I hit a block like Samsdram here
Basically, I extended the header of the .fsy file to include precedence like so:
......
%nonassoc UMINUS
....
and then the rules of the grammar like so:
...
Expr:
| MINUS Expr %prec UMINUS { Negative ($2) }
...
also, the definition of the AST:
...
and Expr =
| Negative of Expr
.....
but still get a parser error when trying to parse the expression mentioned above.

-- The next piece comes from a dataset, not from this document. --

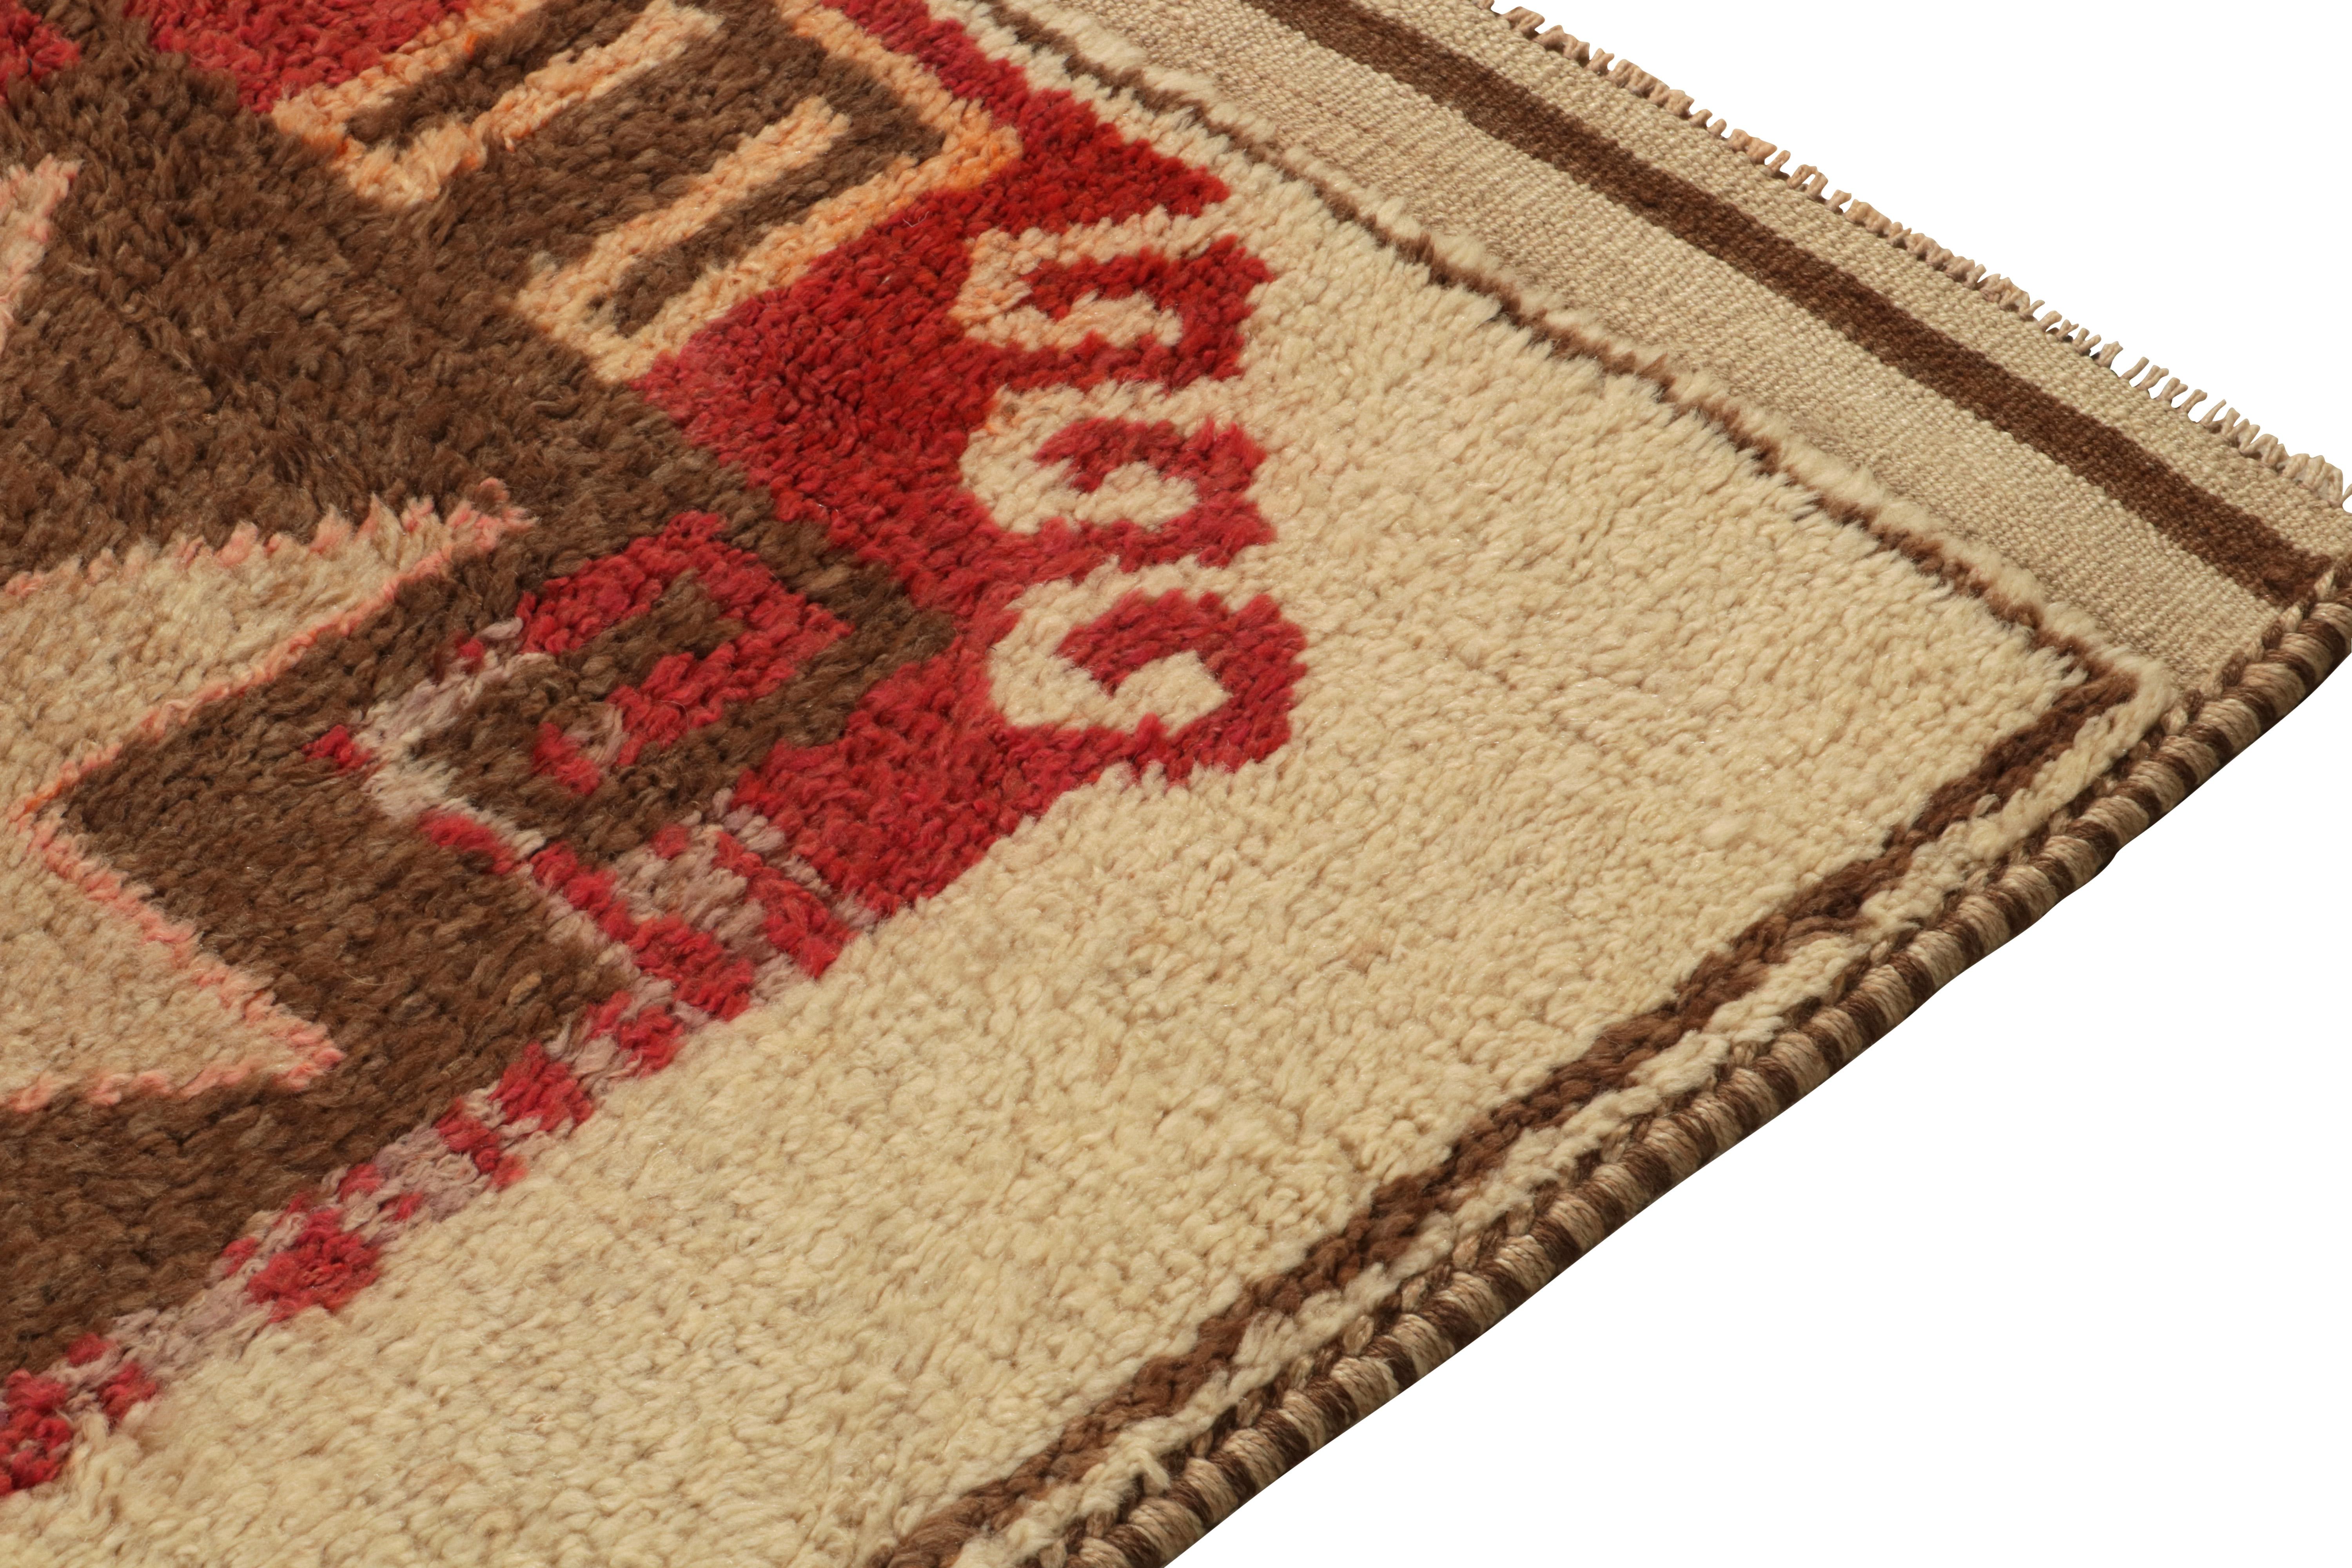 Vintage Tribal Runner in Beige-Brown, Red Medallion Patterns by Rug & Kilim In Good Condition For Sale In Long Island City, NY

Any ideas what's missing? I read the source code of the F# compiler and it is not clear how they solve this, seems quite similar
EDIT
The precedences are ordered this way:
%left ASSIGN
%left AND OR
%left EQ NOTEQ LT LTE GTE GT
%left PLUS MINUS
%left ASTER SLASH
%nonassoc UMINUS
Had a play around and managed to get the precedence working without the need for %prec. Modified the starter a little though (more meaningful names)
Prog:
| Expression EOF { $1 }
Expression:
| Additive { $1 }
Additive:
| Multiplicative { $1 }
| Additive PLUS Multiplicative { Plus($1, $3) }
| Additive MINUS Multiplicative { Minus($1, $3) }
Multiplicative:
| Unary { $1 }
| Multiplicative ASTER Unary { Times($1, $3) }
| Multiplicative SLASH Unary { Divide($1, $3) }
Unary:
| Value { $1 }
| MINUS Value { Negative($2) }
Value:
| FLOAT { Value(Float($1)) }
| INT32 { Value(Integer($1)) }
| LPAREN Expression RPAREN { $2 }
I also grouped the expressions into a single variant, as I didn't like the way the starter done it. (was awkward to walk through it).
type Value =
| Float of Double
| Integer of Int32
| Expression of Expression
and Expression =
| Value of Value
| Negative of Expression
| Times of Expression * Expression
| Divide of Expression * Expression
| Plus of Expression * Expression
| Minus of Expression * Expression
and Equation =
| Equation of Expression
Taking code from my article Parsing text with Lex and Yacc (October 2007).
My precedences look like:
%left PLUS MINUS
%left TIMES DIVIDE
%nonassoc prec_uminus
%right POWER
%nonassoc FACTORIAL
and the yacc parsing code is:
expr:
| NUM { Num(float_of_string $1) }
| MINUS expr %prec prec_uminus { Neg $2 }
| expr FACTORIAL { Factorial $1 }
| expr PLUS expr { Add($1, $3) }
| expr MINUS expr { Sub($1, $3) }
| expr TIMES expr { Mul($1, $3) }
| expr DIVIDE expr { Div($1, $3) }
| expr POWER expr { Pow($1, $3) }
| OPEN expr CLOSE { $2 }
;
Looks equivalent. I don't suppose the problem is your use of UMINUS in capitals instead of prec_uminus in my case?
Another option is to split expr into several mutually-recursive parts, one for each precedence level.